In 1979, Richard Avedon left behind the world of fashion and celebrity portraiture and set out on a five year journey across the United States. Armed with a large format Deardorff camera and driving thousands of miles through Texas, Montana, New Mexico, North Dakota, Colorado, California and many other states, Avedon sought to document the people of regions he had never previously visited.

Rather than photographing movie stars like Marilyn Monroe or Audrey Hepburn, Avedon stopped at rodeos, county fairs, prisons and slaughterhouses, photographing miners, migrant workers, farmers, truck drivers and factory laborers. The result was In the American West, a body of work completed after more than one thousand sittings and first exhibited in 1985 at the Amon Carter Museum of American Art.
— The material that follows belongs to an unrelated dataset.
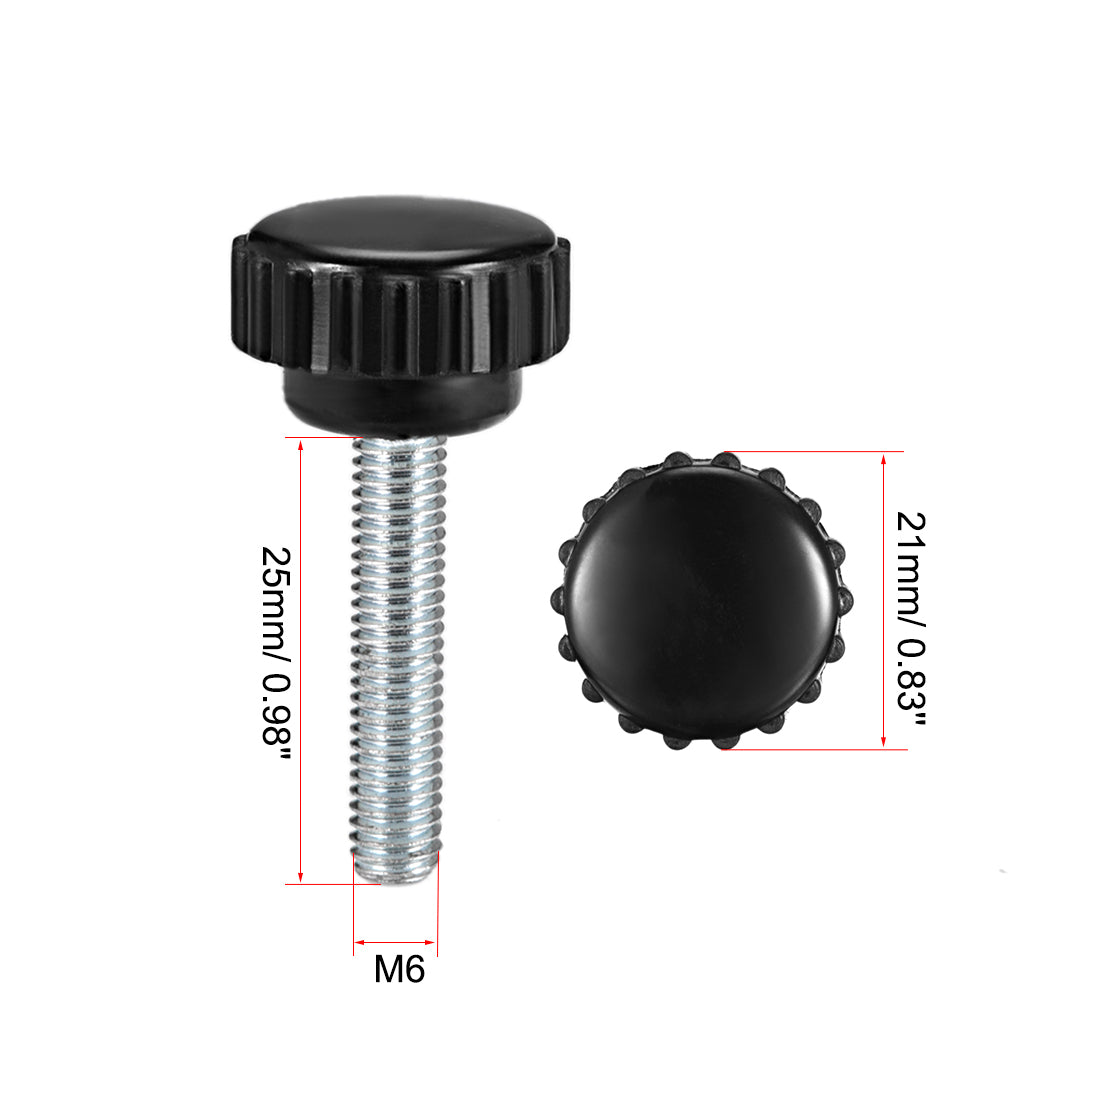 Uxcell Uxcell M5 x 30mm Male Thread Knurled Clamping Knobs Grip Thumb Screw on Type 12 Pcs

A New Generation’s Perspective

Four decades on, a selection of the original photographs has gone on display again, this time at Gagosian in London. The exhibition is curated by Avedon’s granddaughter, Caroline Avedon, marking her first solo curatorial project.

At 26, Caroline Avedon has deliberately shaped the show to resonate with younger audiences. Instead of focusing only on the most famous images from the series, she highlights portraits of children, teenagers and young adults, hoping viewers her own age can connect more directly with the subjects. She has described the project as an attempt to emphasize shared humanity across time, geography and class.

Debate and Lasting Relevance

When In the American West was first unveiled, it provoked controversy. Critics argued that Avedon’s stark white backgrounds stripped subjects of context and risked turning working class Americans into objects for elite consumption. Supporters countered that the simplicity of the setting forced viewers to confront individuals who were rarely represented in museums or galleries.

Today, many see the images as newly relevant. The portraits were created during a period of political upheaval that spanned the Carter and Reagan presidencies, yet they reflect economic precarity that continues to shape life in much of the American West. Caroline Avedon has said the exhibition underlines how little progress has been made in acknowledging the people whose labor sustains the country.

Personal Connections and Legacy

The curator has also spoken of her personal efforts to trace the lives of her grandfather’s subjects, discovering that many worked in dangerous conditions and have since died. Others, she has learned, are still alive, allowing her to connect the frozen moments in the photographs with real lives that extended far beyond the frame.

By revisiting In the American West in London, the exhibition reframes Avedon’s work not as a historical artifact, but as a living document. It invites a new generation to look closely at faces from America’s margins and to reflect on how their stories continue to echo in the present.